The updated collection of orthologous protein sets for prokaryotes and eukaryotes is expected to be a useful platform for functional annotation of newly sequenced genomes, including those of complex eukaryotes, and genome-wide evolutionary studies.
原核生物和真核生物多个基本完整的基因组序列的可得性,激发了构建这些基因组基因进化分类的需求和机会。这种基于基因间直系同源关系的分类系统,似乎是比较基因组学的自然框架,应有助于基因组的功能注释和大规模进化研究。
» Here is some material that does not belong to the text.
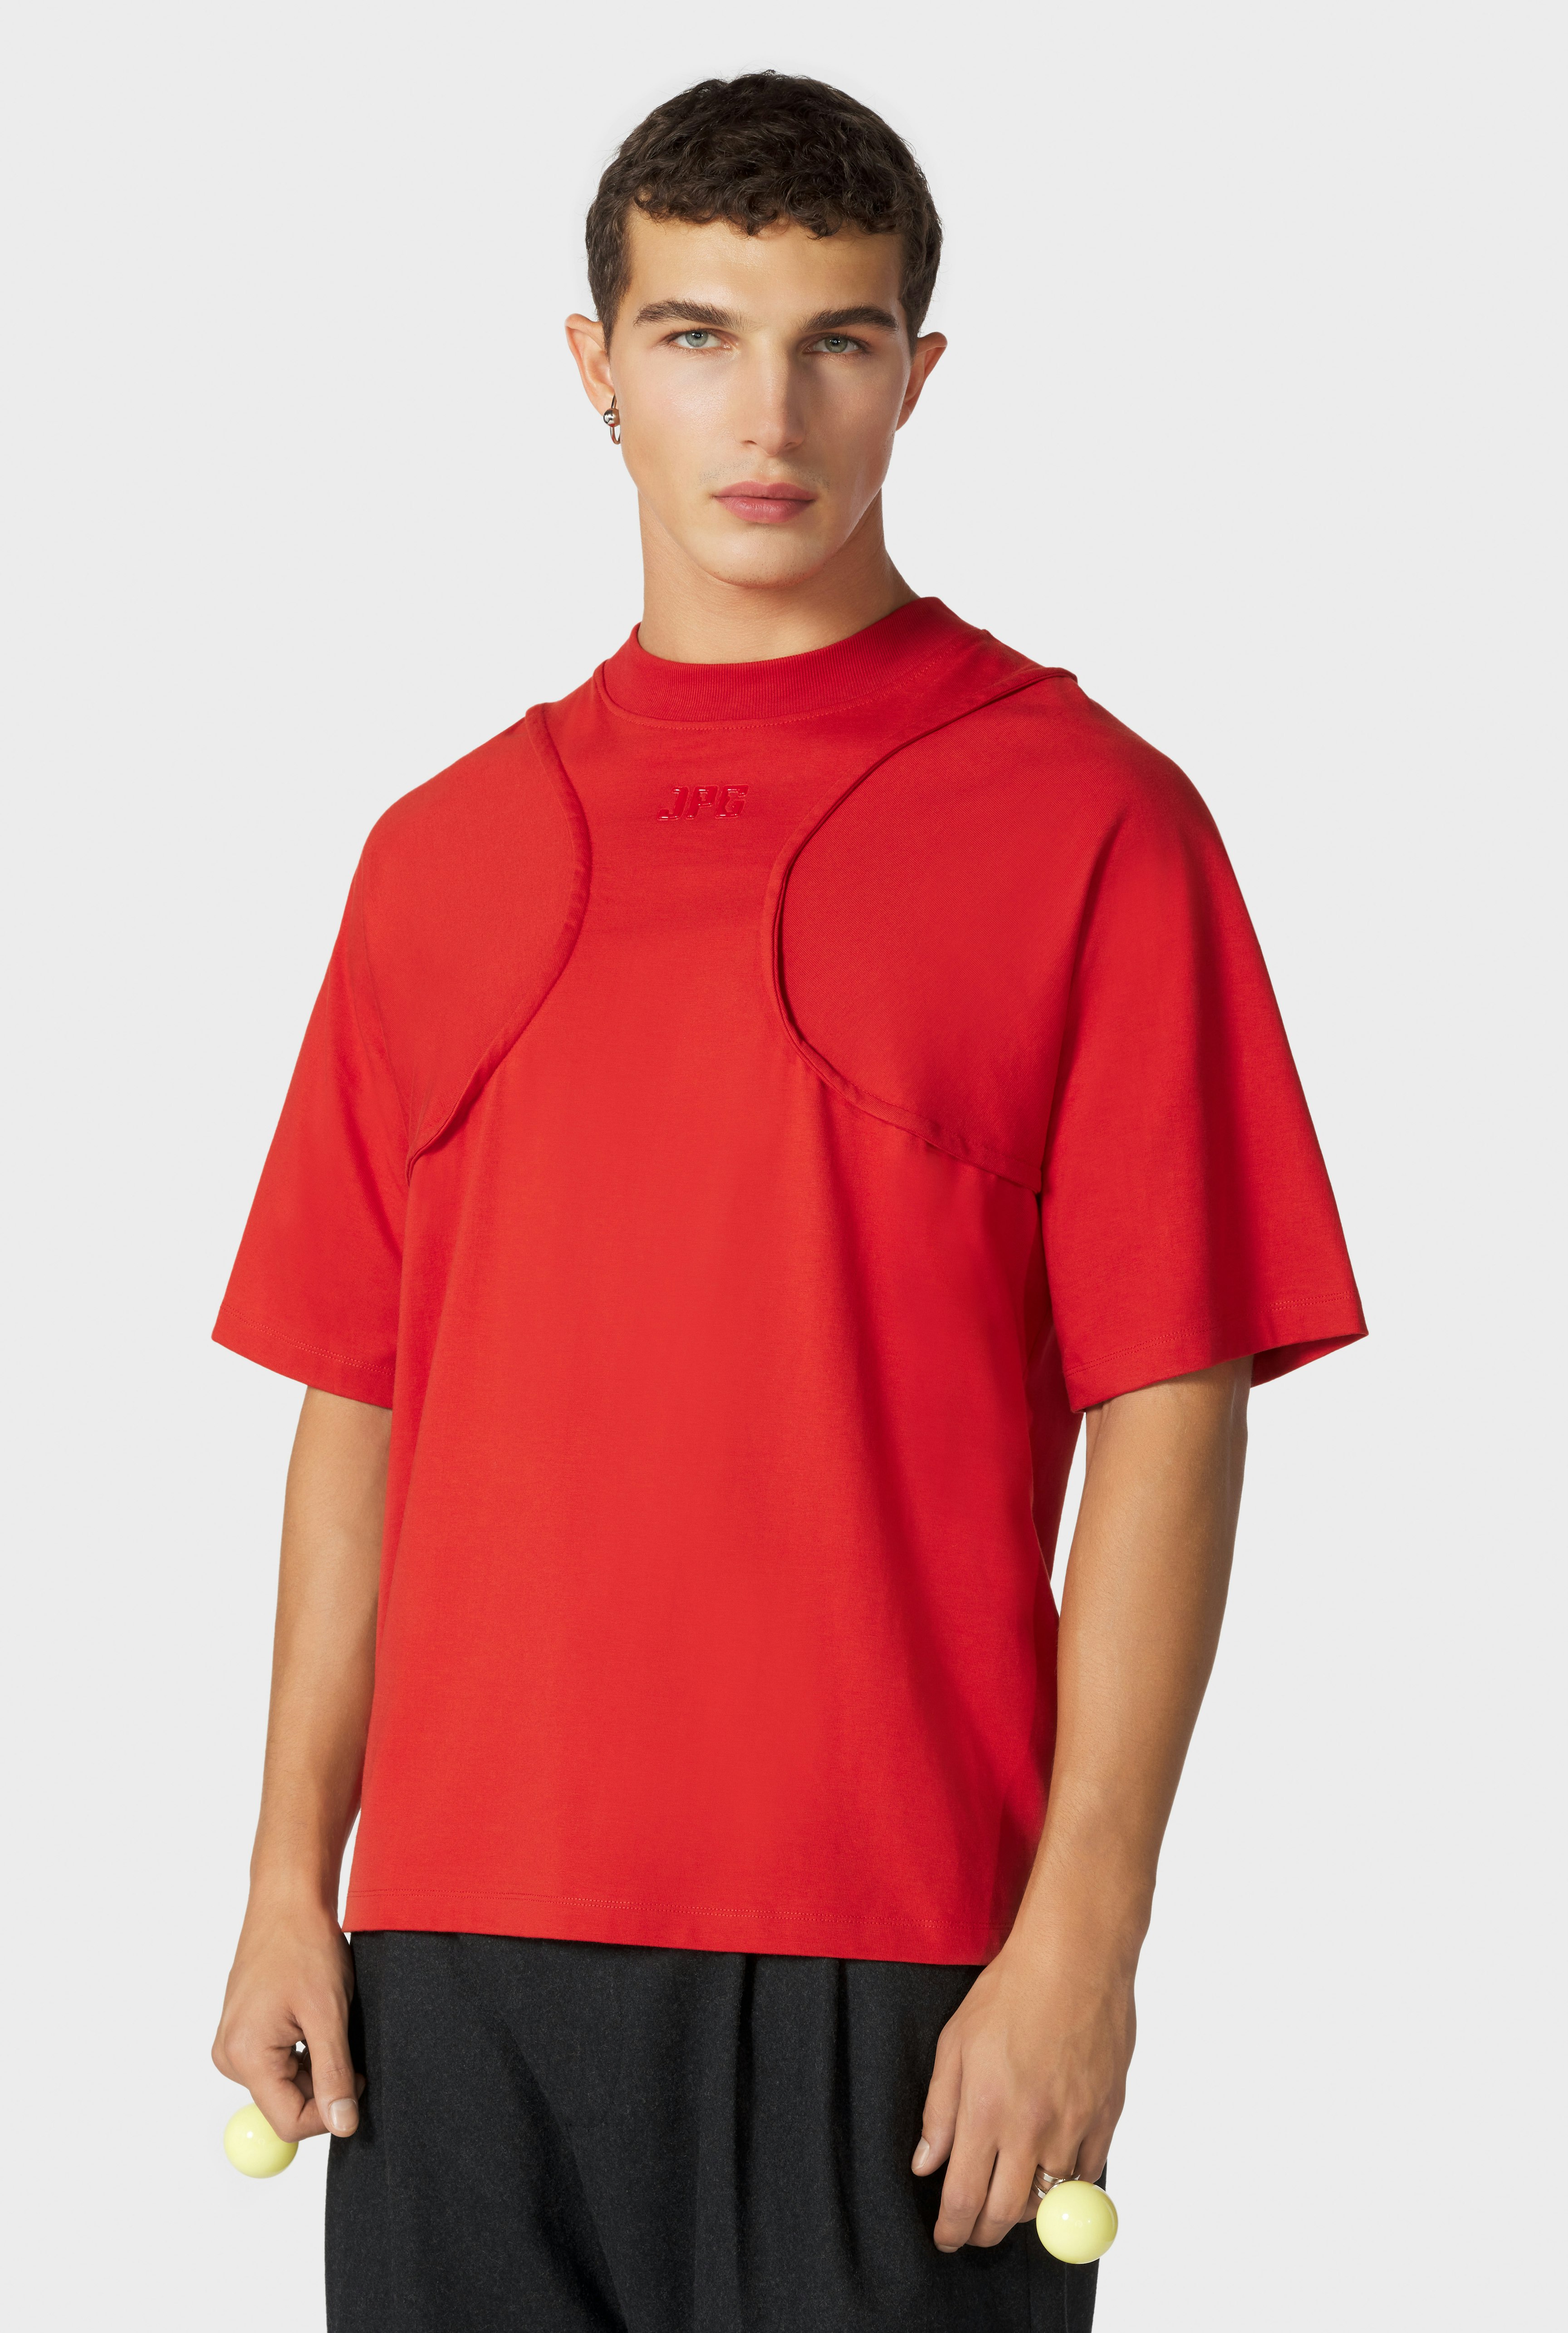 Le T-shirt JPG Rouge Jean Paul Gaultier

我们在此描述了先前开发的用于从原核生物和单细胞真核生物的测序基因组中划分直系同源蛋白簇(COG)以及为7个真核生物基因组构建预测直系同源簇的系统的重大更新,我们将这些真核生物直系同源簇命名为KOG(真核生物直系同源组)。COG集合目前由138,458个蛋白质组成,它们形成4873个COG,占单细胞生物66个基因组中编码的185,505个(预测)蛋白质的75%。真核生物直系同源组(KOG)包括来自7个真核生物基因组的蛋白质:三种动物(线虫秀丽隐杆线虫、果蝇黑腹果蝇和智人)、一种植物拟南芥、两种真菌(酿酒酵母和粟酒裂殖酵母)以及细胞内微孢子虫寄生虫兔脑炎微孢子虫。当前的KOG集由4852个直系同源簇组成,包括59,838个蛋白质,约占所分析的真核生物110,655个基因产物的54%。与原核生物基因组被COG覆盖的情况相比,可纳入KOG的真核生物基因比例要小得多;预计添加新的真核生物基因组将导致KOG对真核生物基因组的覆盖大幅增加。对KOG系统发育模式的研究揭示了一个在所有分析物种中都存在的保守核心,约占KOG集的20%。KOG集的这一保守部分远大于COG集的普遍部分(约占COG的1%)。部分差异可能是由于纳入的真核生物基因组数量较少,但这也可能反映了真核生物作为一个进化枝的相对紧凑性以及真核生物基因组更大的进化稳定性。
原核生物和真核生物直系同源蛋白集的更新集合,有望成为新测序基因组(包括复杂真核生物基因组)功能注释和全基因组进化研究的有用平台。